Об этой миссии Генри ваш сын получил ветер во время эмбарго и сообщил мне. Но он не узнал ничего о конкретном агенте, хотя, о его действиях, информация, которую он получил, кажется теперь правильной. Он заявил деталь, которую Генри не выдвинул отчетливо, которая была, что восточные штаты не должны были требоваться сделать формальный акт отделения от Союза и принять участие в войне против него; мера, сочтенная слишком сильной для их народа: но объявить себя в состоянии нейтралитета, в соображении чего они должны были иметь мир и свободную торговлю, приманка, наиболее вероятно, чтобы обеспечить популярное согласие. Не имея указаний на Генри как промежуточного в этой переговоре Эссекс-хунты, подозрения пали на Пикеринга и его племянника Уильямса в Лондоне. Если он был неправ в этом, основание подозрения должно быть найдено в его известных практиках и объявленных мнениях, как и у его сообщников в одинаковости настроения и языка с Генри, и впоследствии по трепетанию раненых голубей.

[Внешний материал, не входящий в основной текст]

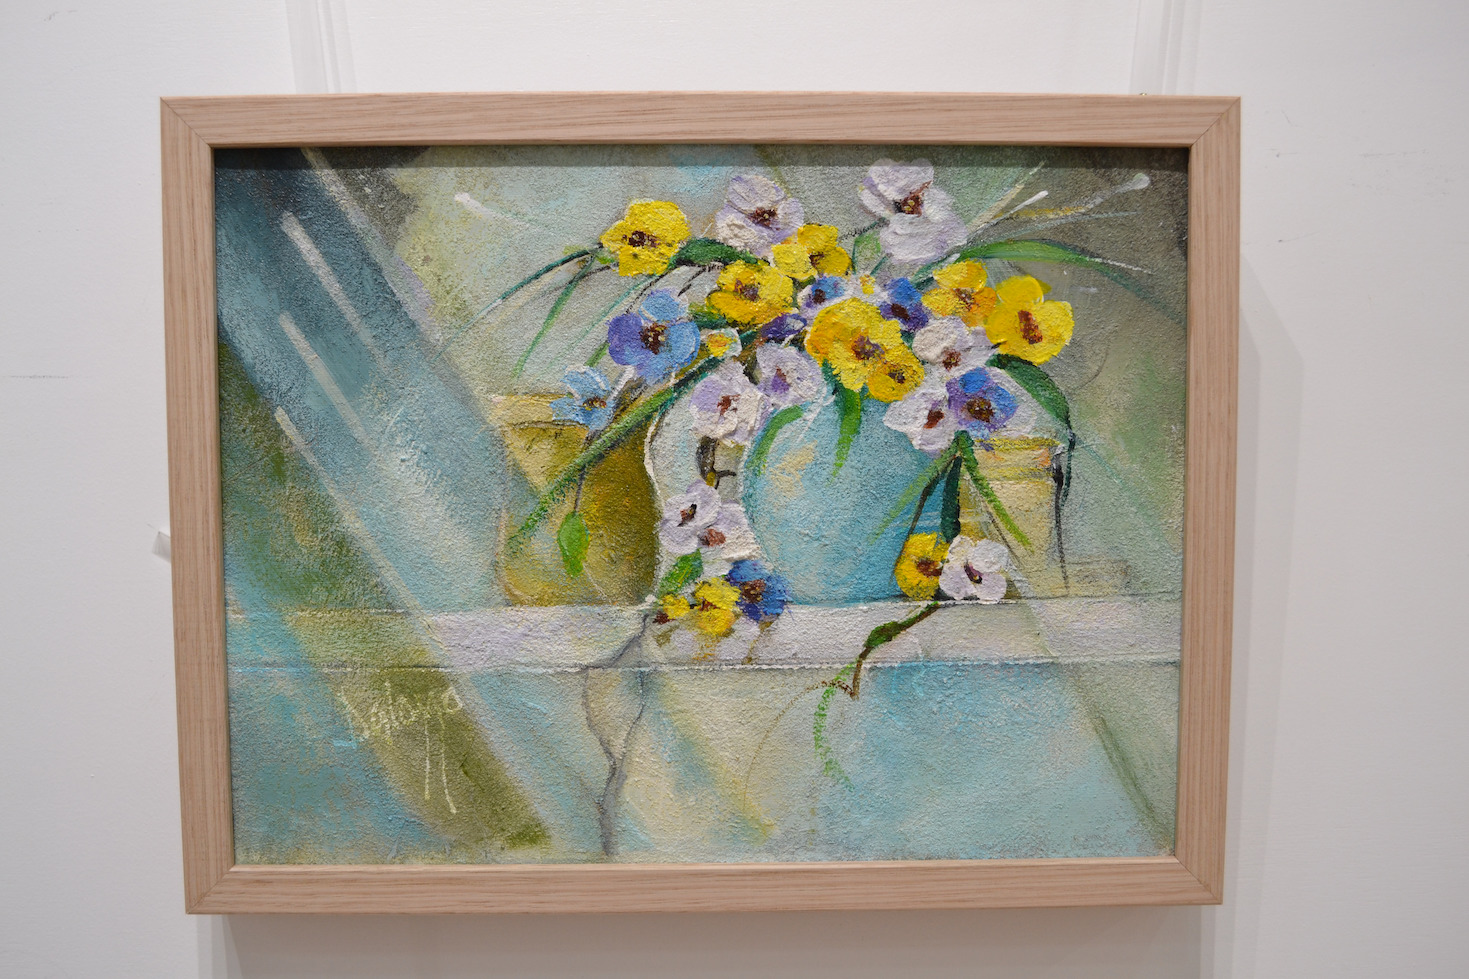 Framed Front View 2 Of Still Life Painting "Afternoon Sunlight" By Lucette Dalozzo
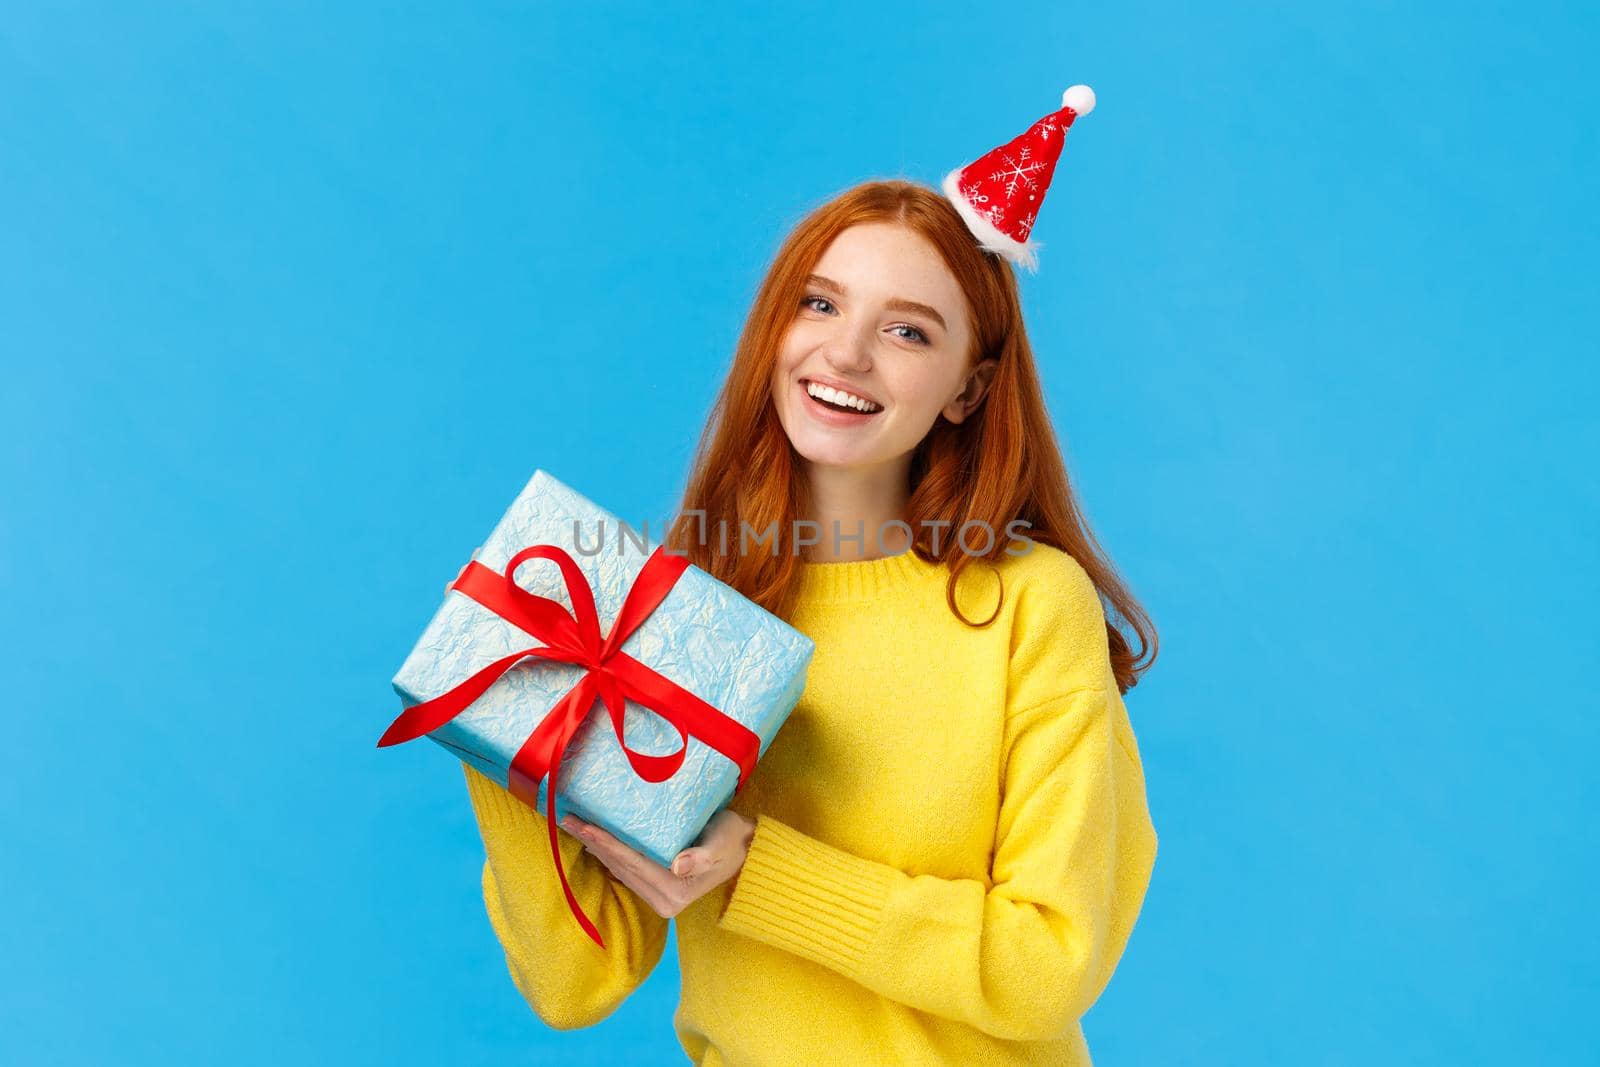 Holidays, celebration and presents concept. Cheerful redhead girl love christmas, enjoy celebrating with friends, receive gift in wrapped box from secret santa, wearing cute hat, blue background.

Это письмо, с тем, что оно прилагает, дало вам достаточно, я полагаю, закона и пророков. Я добавлю к нему, поэтому, только дань моих уважений миссис Адамс, и вам заверения в привязанном уважении и почтении.
Т. Джефферсон.
LETTER CI.—TO JAMES MAURY, April 25, 1812
ДЖЕЙМСУ МОРИ.
Монтичелло, 25 апреля 1812 г.
Мой дорогой и древний друг и одноклассник,
Часто мое сердце упрекало меня за задержку признаний вам, получая, как я делаю, такие частые доказательства вашего доброго воспоминания в передаче бумаг мне. Но вместо того, чтобы действовать по старой доброй максиме не откладывать на завтра то, что мы можем сделать сегодня, мы слишком склонны перевернуть ее и не делать сегодня то, что мы можем отложить на завтра. Но этот долг больше не может быть отложен. Сегодня мы в мире; завтра война. Занавес разделения опускается между нами и, вероятно, не будет поднят, пока один, если не оба из нас, не будет в покое с нашими отцами. Позвольте мне теперь, тогда, пока я могу, возобновить вам декларации моей теплой привязанности, которая ни в какой период жизни никогда не была ослаблена и кажется становится сильнее, поскольку оставшиеся объекты наших юношеских привязанностей реже.